In an era where patients are seeking information beyond the advice of a medical provider and are vying for control of their medical care, medical professionals need to learn how to enter conversations where their recommendations may not be followed. Attempting to dissuade a convinced patient can be alienating, pushing the patient further away, and driving a chasm between the patient and provider ultimately benefiting no one. It is still the job of the medical community to offer information and voice a recommendation. Sometimes coming along side patients in shared decision-making, even when it goes against medical advice, may offer a chance for the best possible outcome.

But if we’ve learned anything from the vaccine debacle, it’s that agreeing to disagree is both ineffective and dangerous.

Why? Because homebirth, like anti-vaccine advocacy is not about science, it’s about an unmerited sense of maternal superiority.

Homebirth, like anti-vax advocacy, is about privilege. Nothing screams “privilege” louder than rejecting the hospital obstetric care that the majority of women around the world are literally dying to have. The “empowerment” of homebirth reinscribes the privilege of the Western, white, well off women who choose it in the most obvious possible way.
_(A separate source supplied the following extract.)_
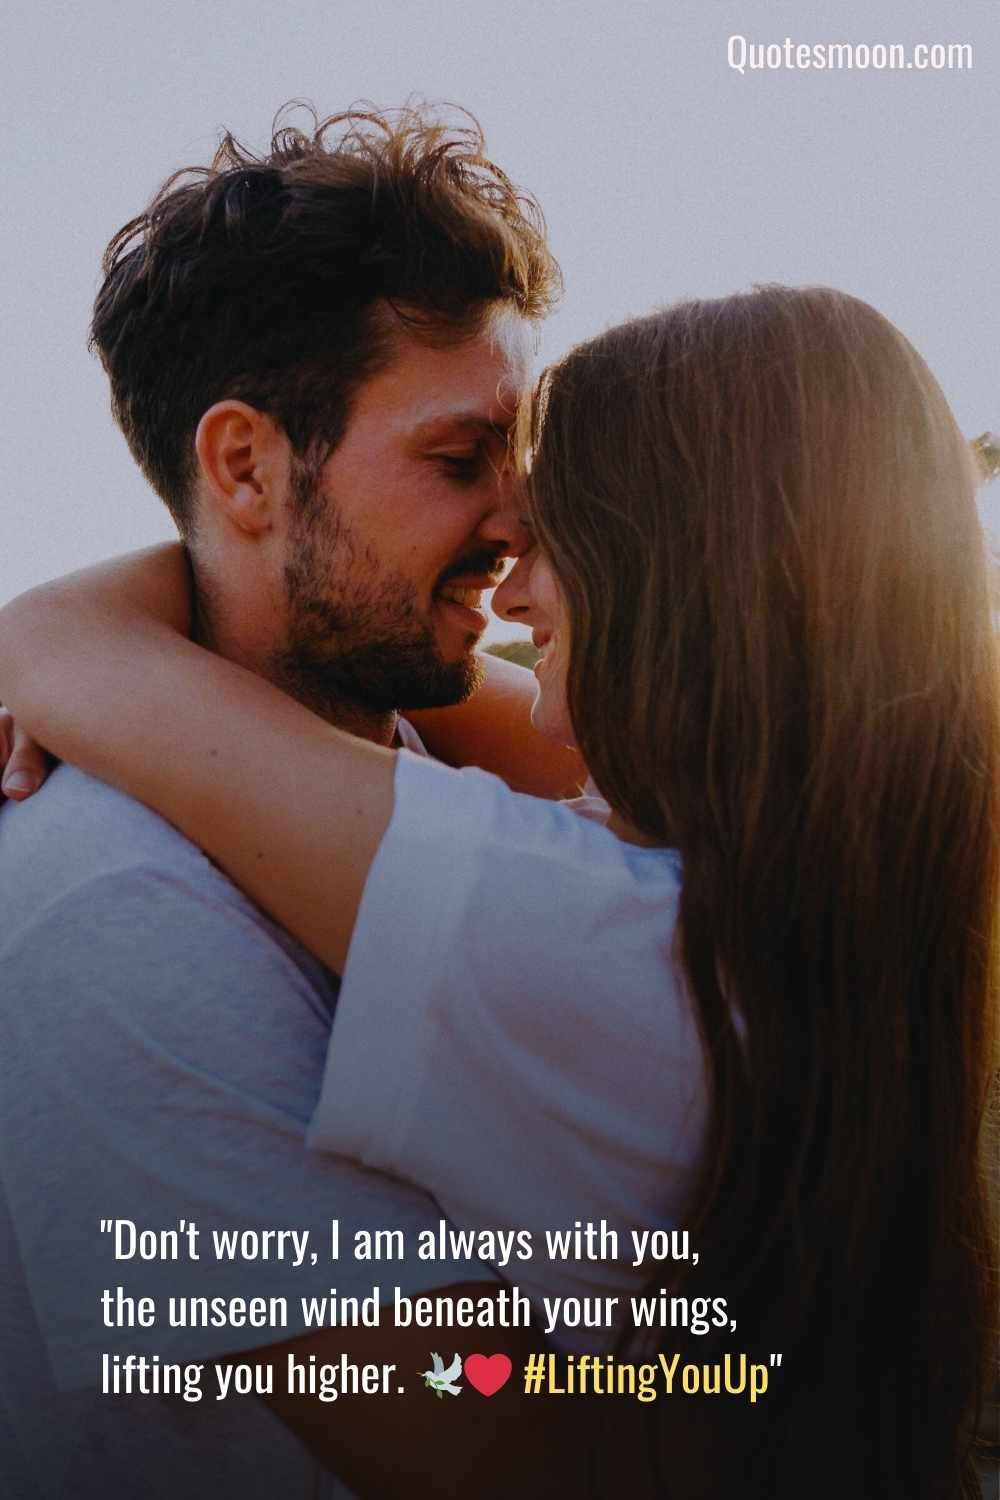 I Will Always Be There For You Quotes with images

The entire homebirth movement is premised on the privilege of having a fully equipped and staffed hospital nearby to rescue your baby when you’ve screwed up by choosing homebirth.
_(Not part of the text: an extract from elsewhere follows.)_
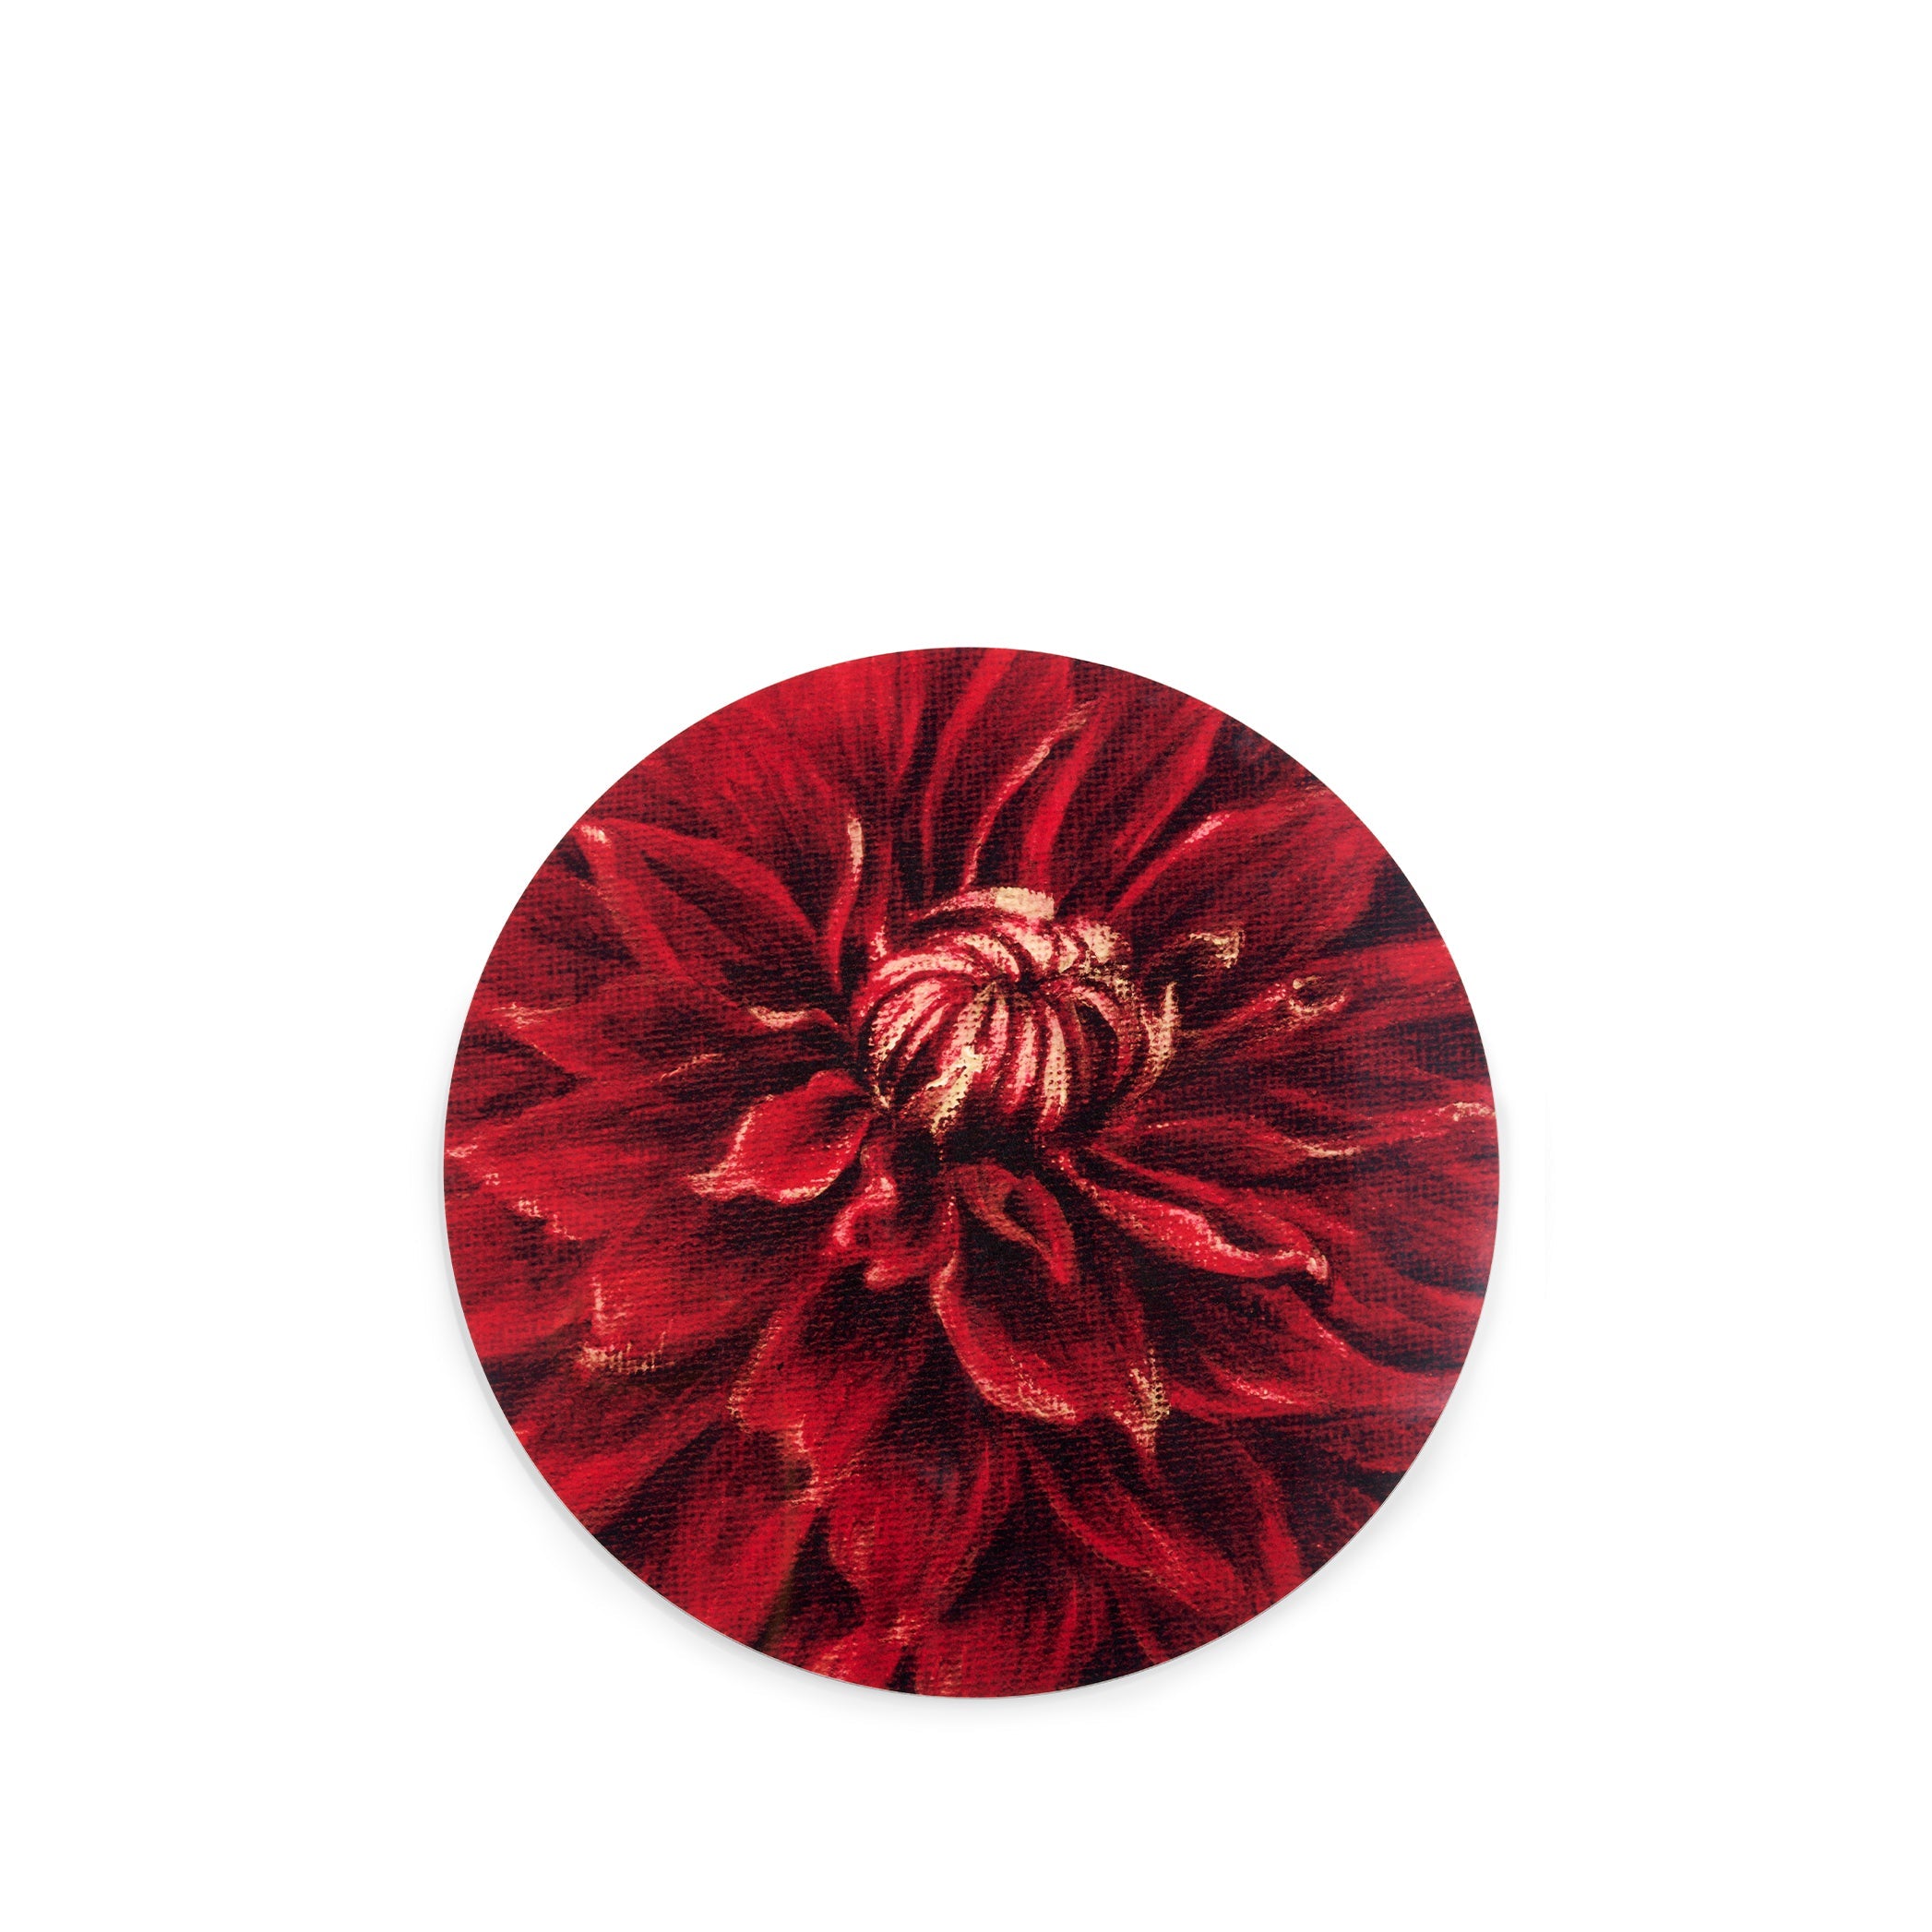 Dahlia 'Nuit d’Ete' Round Cork-Backed Placemat in Claret Red

Homebirth, like anti-vax advocacy, is based on the delusion of women who believe they have “done their research” and pose as “educated” despite the fact that they are astoundingly ignorant on the subject of childbirth. Homebirth advocates are no more educated about childbirth than creationists are educated about evolution. Neither group has done research; they’ve simply read propaganda, and both groups need to be disabused of their delusions.

Homebirth advocates need to understand that they have been hoodwinked by an alternate world that bears no relationship to what science actually shows. Just about every premise of homebirth advocacy — that childbirth is inherently safe, that interventions are dangerous, that interventions interfere with breastfeeding and bonding, and that obstetric emergencies always allow for enough time to get to the hospital — are utter lies.

Obstetricians MUST explain to homebirth advocates that their fundamental assumptions are fabrication by the homebirth movement and that the only people who claim homebirth is safe are those who profit from it. I’ve corresponded with all too many women who have lost babies at homebirth, and if there is one common theme it is that these mothers never realized the massive gulf between what they were told and the actual scientific evidence. Obstetricians MUST explain what the scientific evidence really shows, and MUST encourage women to view homebirth advocacy with the same skepticism they would view any industry promoting its products.

Homebirth, like anti-vax advocacy, is a matter of life and death. Agreeing to disagree with homebirth advocates sends the WRONG message: that their claims have merit. Would we agree to disagree about carseats for infants? Would we agree to disagree about bicycle helmets for children? No, we wouldn’t because we recognize that children’s lives depend on parents understanding the deadly risks. The fact is that choosing homebirth is more deadly than forgoing a carseat, or letting children ride bicycles without helmets.

Finally, though every patient deserves to be treated with respect, every idea does NOT deserve to be treated with respect. Homebirth, like any other choice that places children at risk of death, is unworthy of respect. That’s why we must not agree to disagree on homebirth.